Kendra Cowley travaillait comme bibliothécaire à la Bibliothèque publique de Toronto en décembre 2024, lorsque le premier ministre de l’Ontario Doug Ford a présenté une loi forçant la fermeture de la plupart des sites de consommation supervisée de la province. Une injonction a été déposée, mais les sites ont continué de fermer à cause du retrait du financement gouvernemental qui leur était dédié.
En plus de mettre en danger des milliers de vies, cette décision a poussé un nombre croissant de personnes à consommer de la drogue dans des endroits non sécuritaires et non supervisés, comme les bibliothèques.

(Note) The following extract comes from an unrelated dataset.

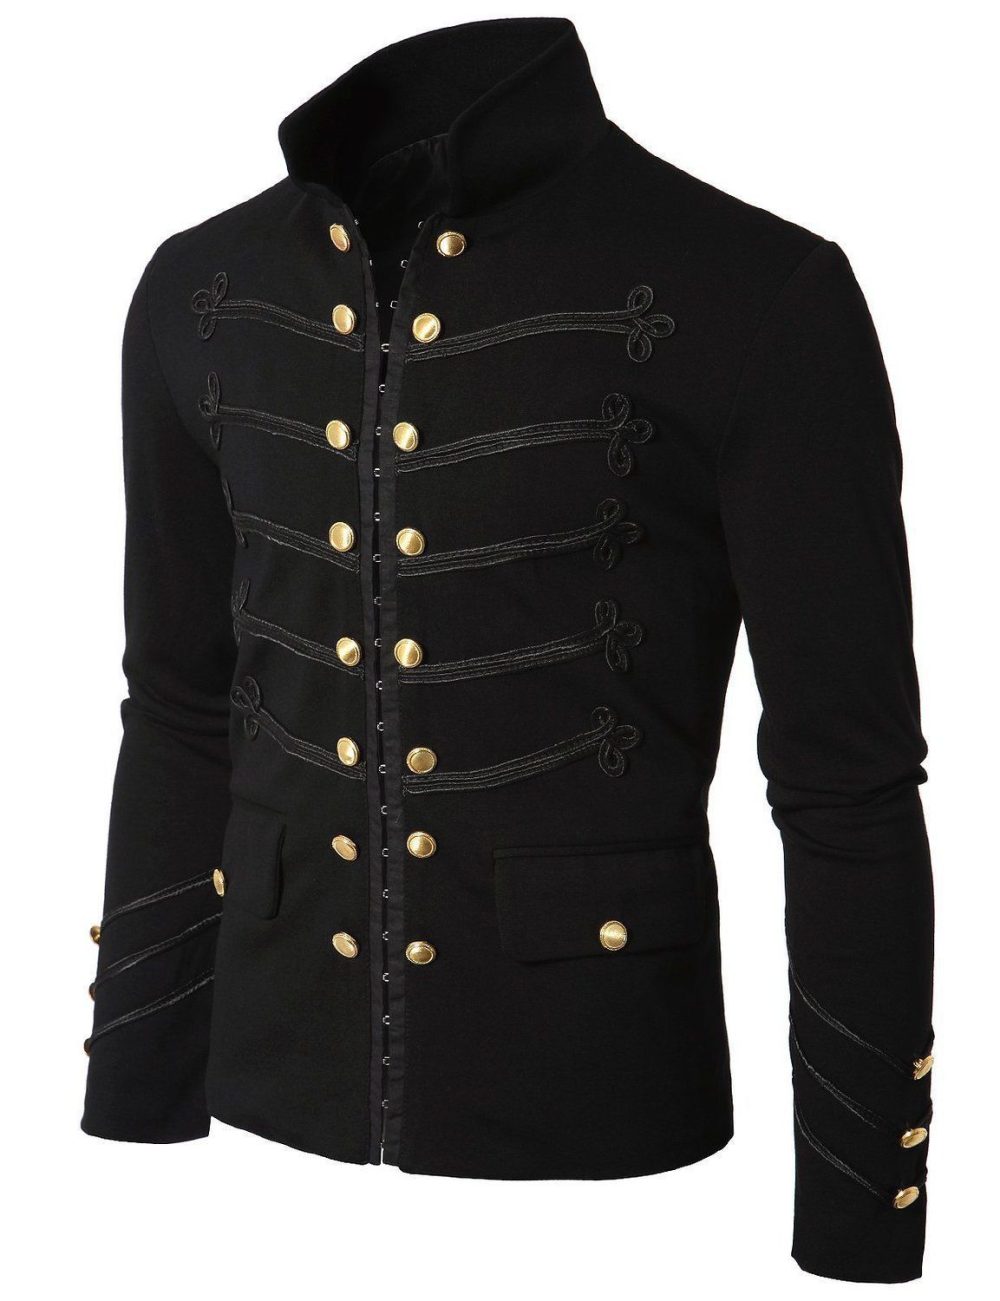 Black Embroidery Military Napoleon Hook Jacket, Military Jackets, Traditional Jackets, Jackets for Men

Kendra Cowley, qui a récemment démissionné de la Bibliothèque publique de Toronto pour accepter un poste dans une bibliothèque universitaire du Wyoming, siégeait à un comité ayant pour mission d’offrir des services aux personnes vulnérables lorsque le projet de loi provincial a été annoncé. Quand les membres du comité ont voulu discuter des conséquences de cette décision, la direction a déclaré que ce problème n’était pas de leur ressort. Kendra Cowley et d’autres membres qui n’étaient pas du même avis, ont rédigé et co-signé une lettre ouverte avec des spécialistes de la sécurité en bibliothèque qui gèrent quotidiennement des cas d’intoxication aux drogues.
Cette lettre a rapidement recueilli des centaines de signatures et un nouveau mouvement populaire est né : le Collectif du personnel de bibliothèque de l’Ontario pour les sites de consommation supervisée (Ontario Library Workers for Supervised Consumption Sites, OLW4SCS).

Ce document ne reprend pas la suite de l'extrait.